Saturday, October 3, 2015

Step Into My World: Coastal Ecuador

I realized that I forgot to post one of these last Saturday and I just about forgot to post it again today. I've been working about 60 hours a week and these posts just completely slipped my mind. But, never fear, I'm back on track.

Today, we travel to the country of Ecuador. More specifically, to the coastal region. I have one child here:


Compassion works in several cities and villages along the Pacific ocean. My Allison is from a community outside of Manta. 

Communities in this region are known for their fabulous ocean views, beautiful sunsets, and warm, sandy beaches. Creation here is truly breathtaking. 

Life here, though, for poor families can be very difficult. Neighborhoods outside of these coastal cities are typically made up of shanty-style homes, made of planks for wood. Homes are small and close together, which lead to cramped conditions and the easy spread of illness. In areas that are prone to flooding, homes are built on stilts. When an area is flooded, travel is nearly impossible, leaving families isolated, without access to healthcare or schooling. 

Many families in these areas are single-parent homes, usually lead by a mother, who is left to care for children. Fathers often abandon families because of the financial hardship of caring for them. Other fathers are away from their families as they travel to find work in other cities and send money home to their families. This leaves a lot of pressure on mothers to meet the needs of her children, which is often difficult as poor communities in Ecuador often have distorted gender roles. This makes it hard for women to find work. 

Because their mothers aren't able to work and earn money for their families, it's not uncommon to see children out earning a living. Some children can find work doing odd jobs while others visit a local dump, in search of anything that can be sold, on the streets, for money. 
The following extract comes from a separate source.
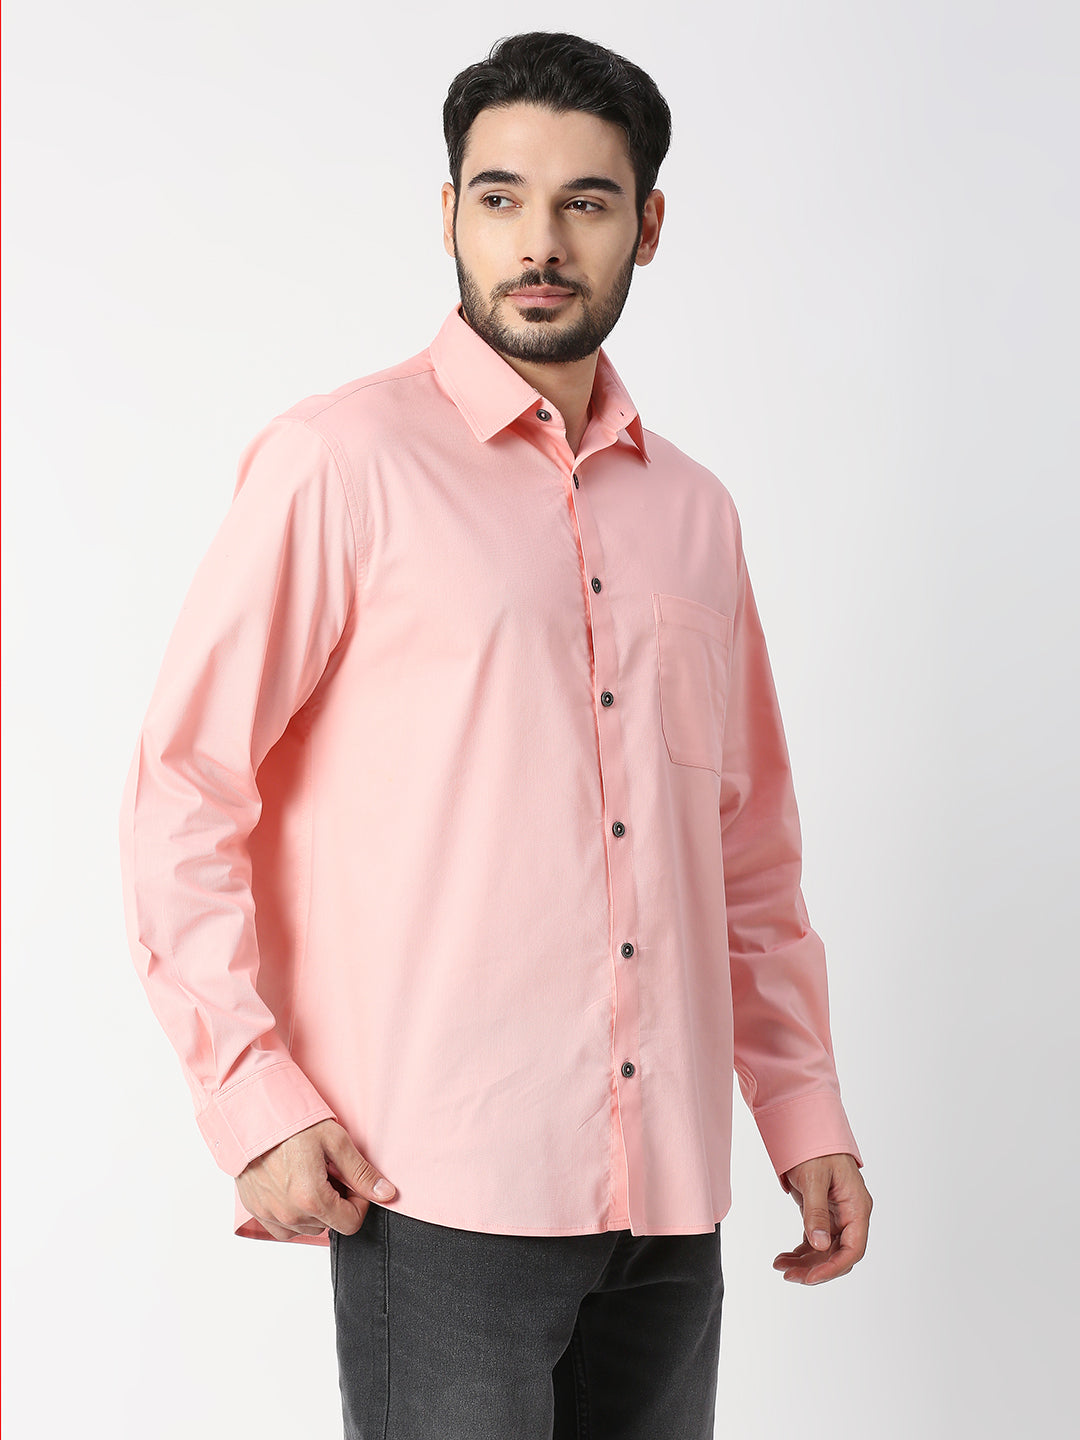 Buy Blamblack Peach Color Solid Regular Shirt.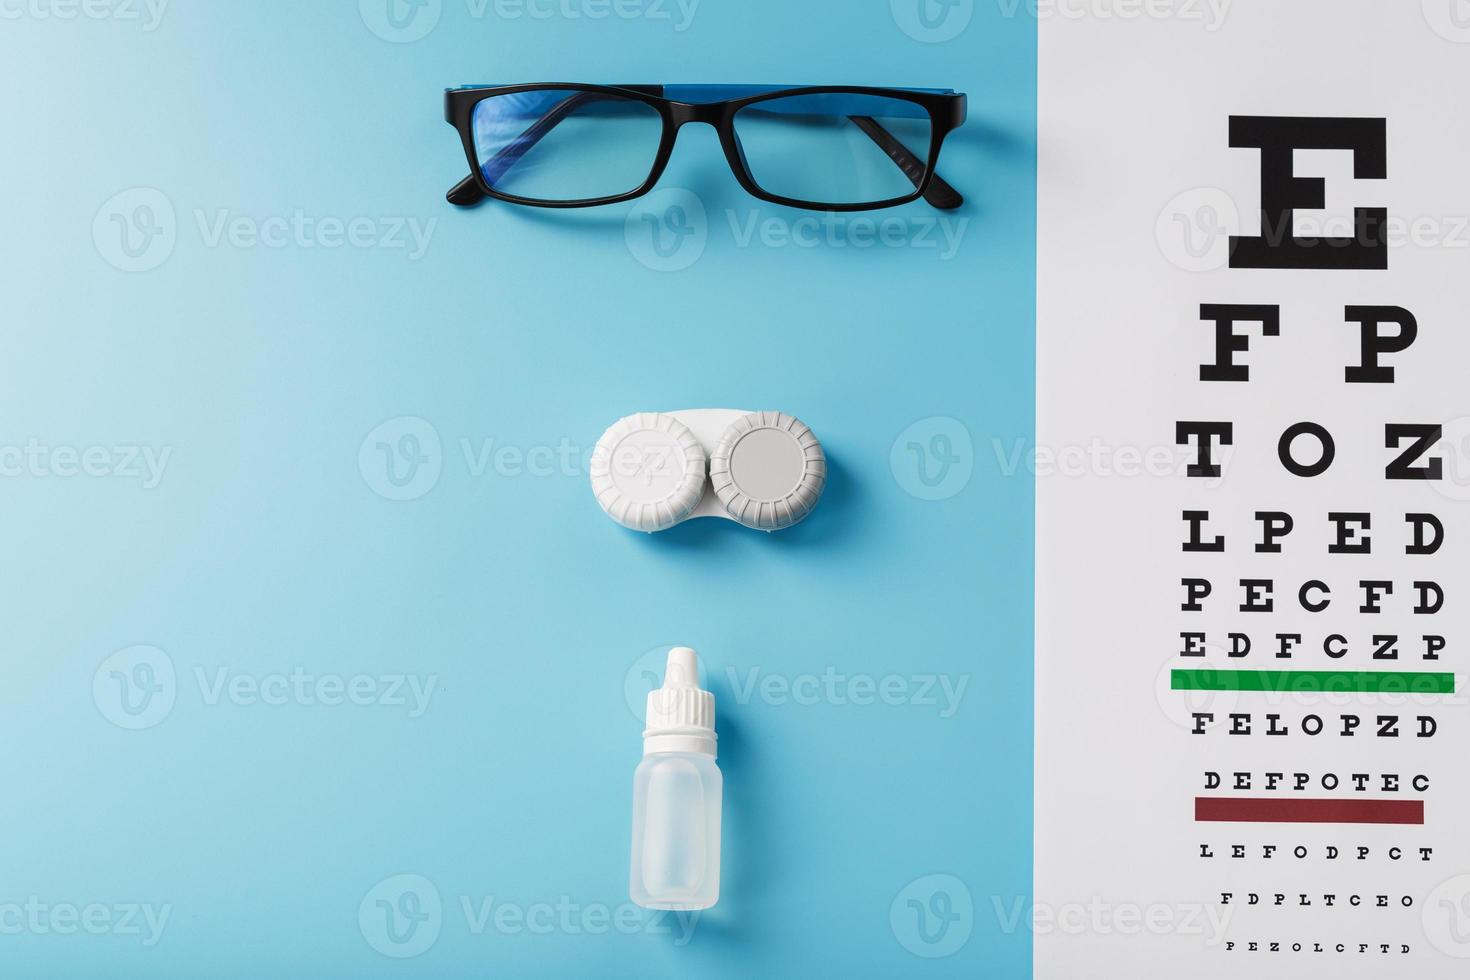 oftalmisk Tillbehör glasögon och linser med ett öga testa Diagram för syn korrektion på en blå bakgrund foto

Children in coastal Ecuador are often malnourished, only receiving one or two meals a day at home. To help combat hungry tummies, Compassion projects feed the children a large, healthy meal every time the children attend the project. 

Compassion also works to supplement each child's education with lessons on various school subjects, as well as biblical lessons, art lessons, and music time. The children are taught to be well-rounded and to have knowledge of many topics. 

Most importantly, children are taught that Jesus is their Savior and that He has a wonderful plan for their future and for their lives. Project workers pray for the children everyday and encourage the children to pray for their families, communities, and country. Compassion coastal Ecuador has the following prayer requests: 

- Pray for God's protection over assisted children and families living in areas that are prone to flooding. 

- Pray that project workers will have God's wisdom to help assisted children avoid the temptation to use illegal drugs. 

- Pray that project workers will also be effective in identifying and assisting children who are victims of domestic violence, neglect, or abuse.